** Opening Records for the task block **

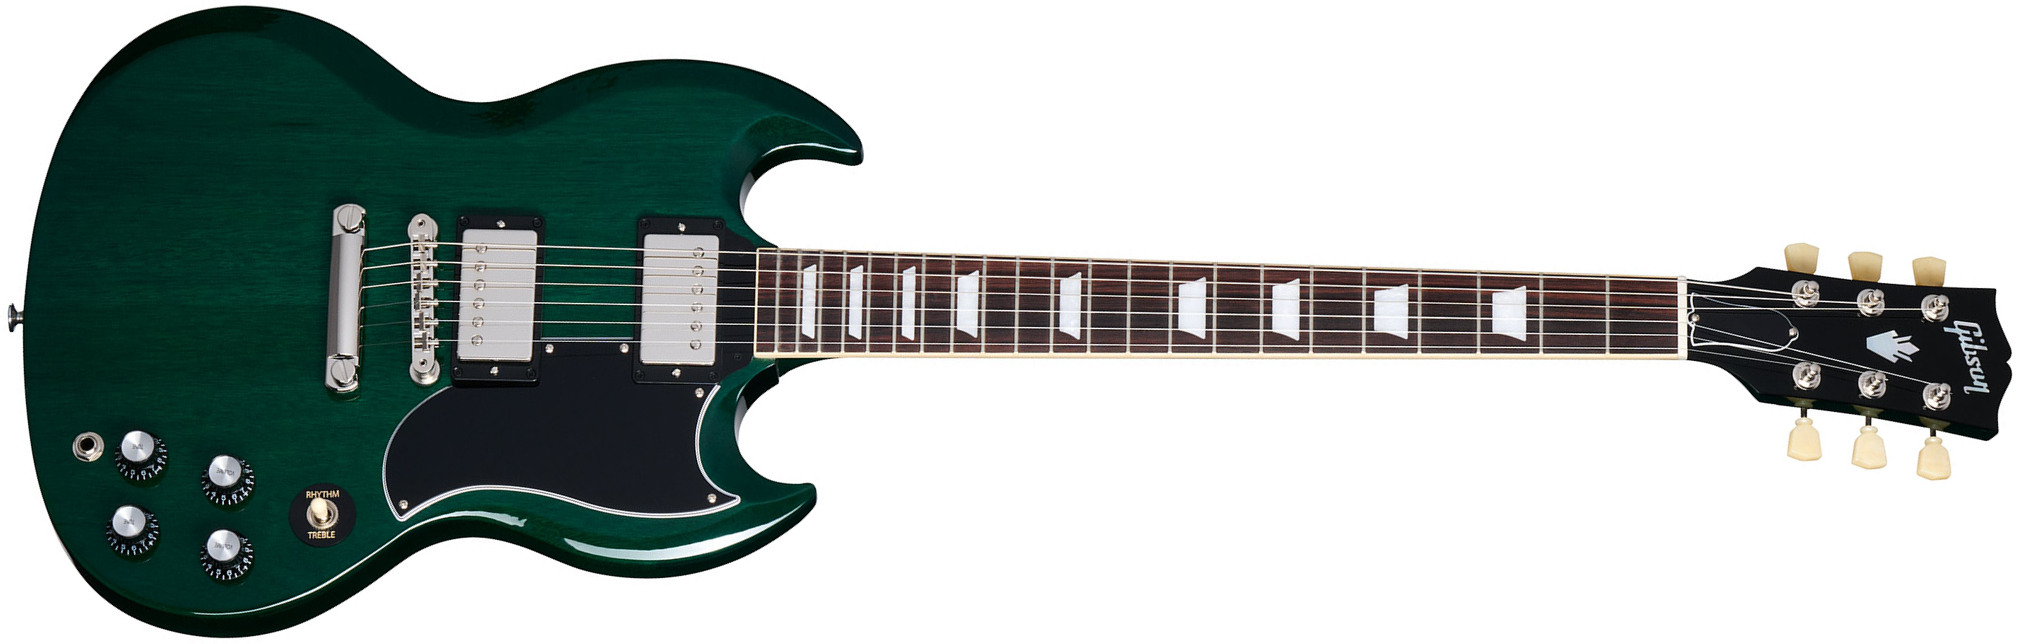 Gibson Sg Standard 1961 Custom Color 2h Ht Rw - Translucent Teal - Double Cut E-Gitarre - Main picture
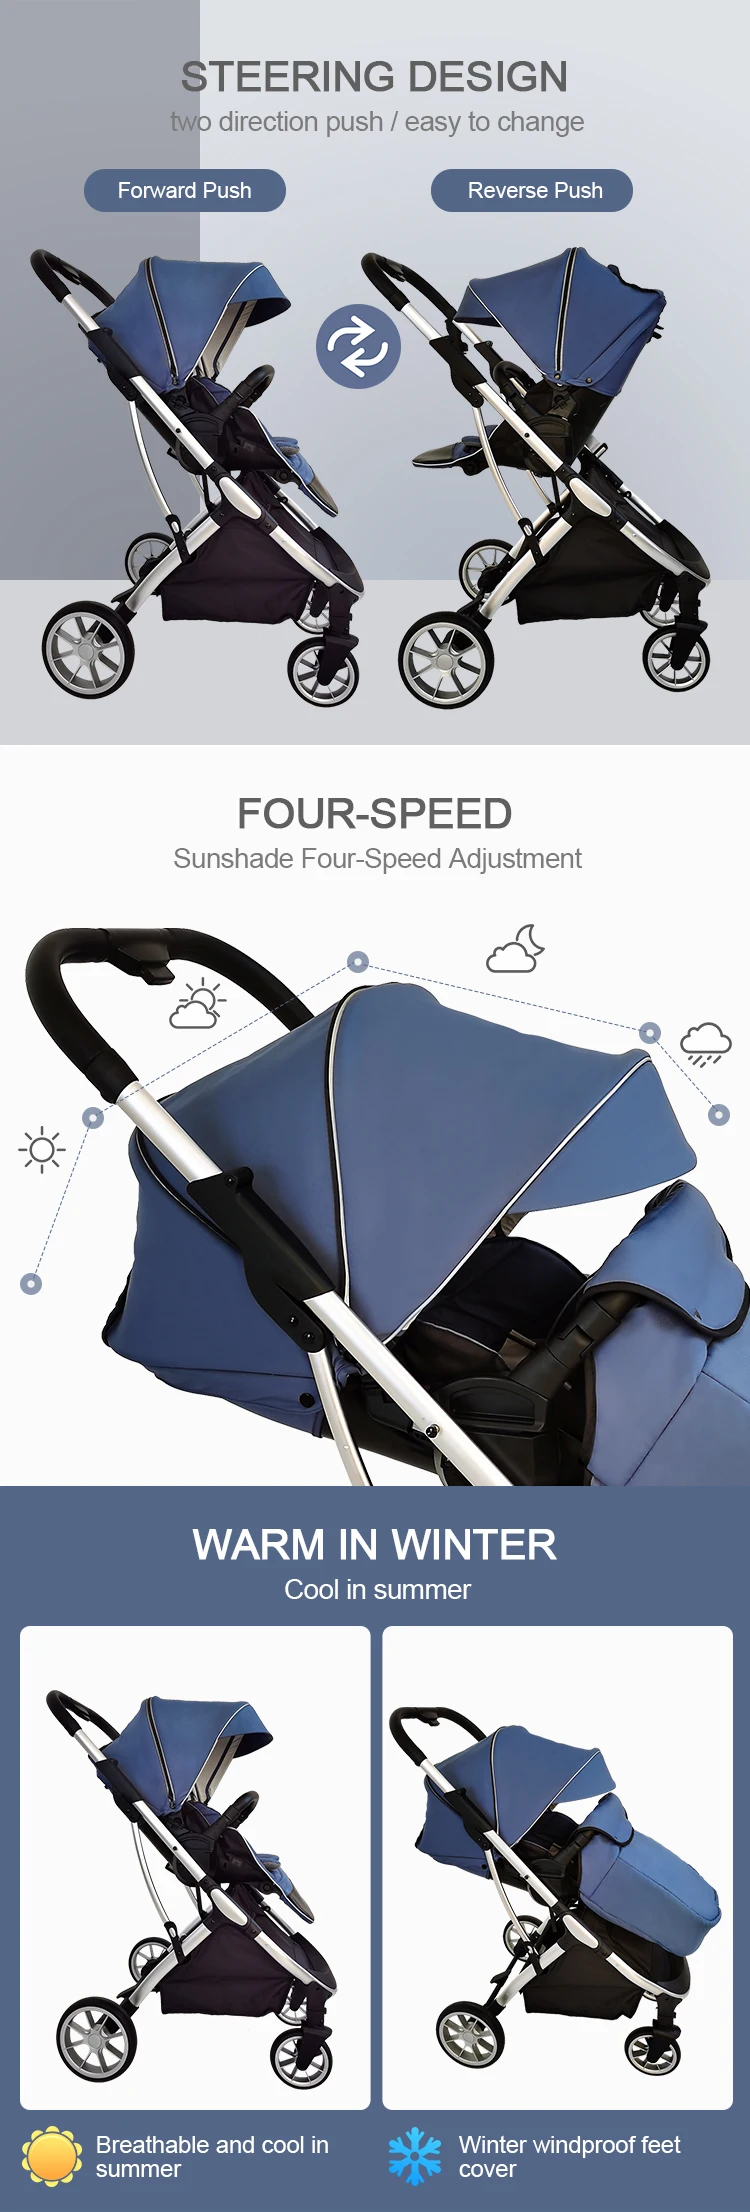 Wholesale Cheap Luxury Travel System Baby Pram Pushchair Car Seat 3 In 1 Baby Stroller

** Closing Records for the task block **
** Opening Records for the task block **

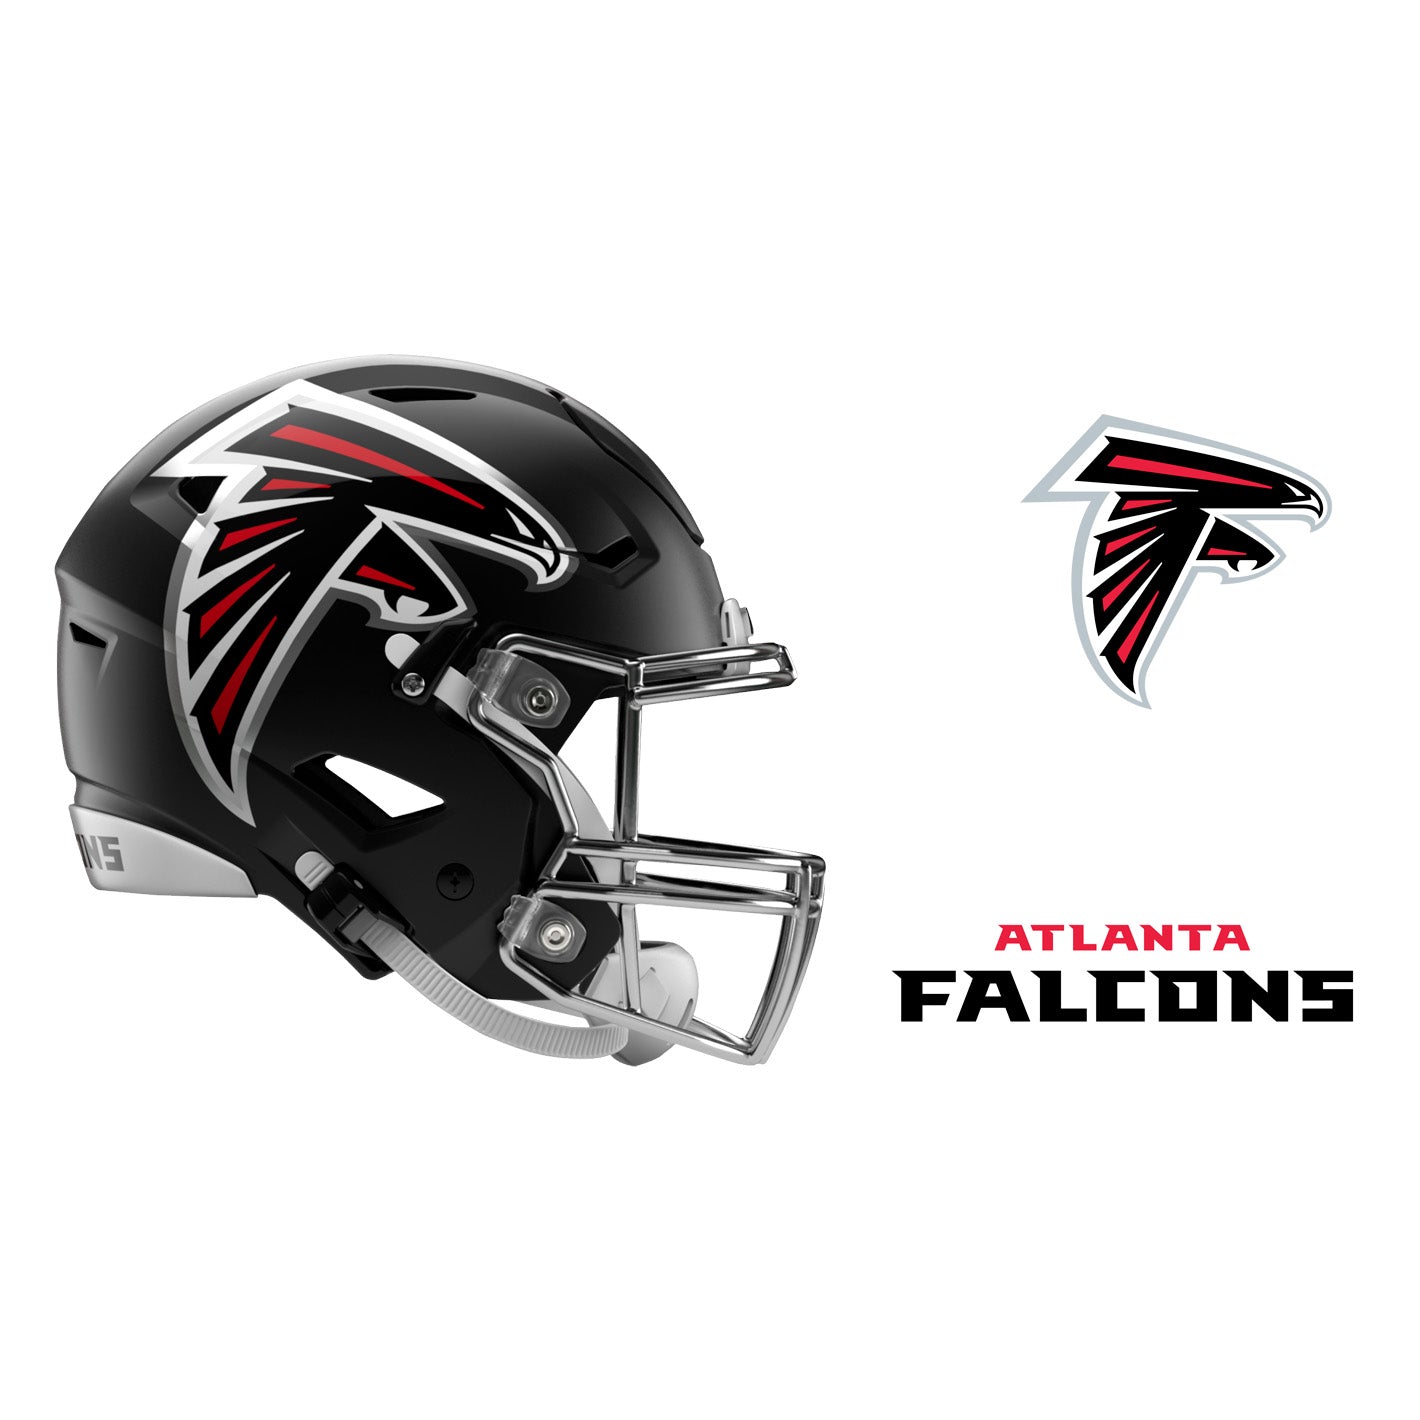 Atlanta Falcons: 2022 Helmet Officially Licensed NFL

** Closing Records for the task block **

[Problem description] Working from the entries above, reproduce exactly and only the lines beginning with the line that has "Gibson Sg Standard" and ending with the line that has "Wholesale Cheap Luxury"; omit all pictures.

[Answer box]
 Gibson Sg Standard 1961 Custom Color 2h Ht Rw - Translucent Teal - Double Cut E-Gitarre - Main picture
 Wholesale Cheap Luxury Travel System Baby Pram Pushchair Car Seat 3 In 1 Baby Stroller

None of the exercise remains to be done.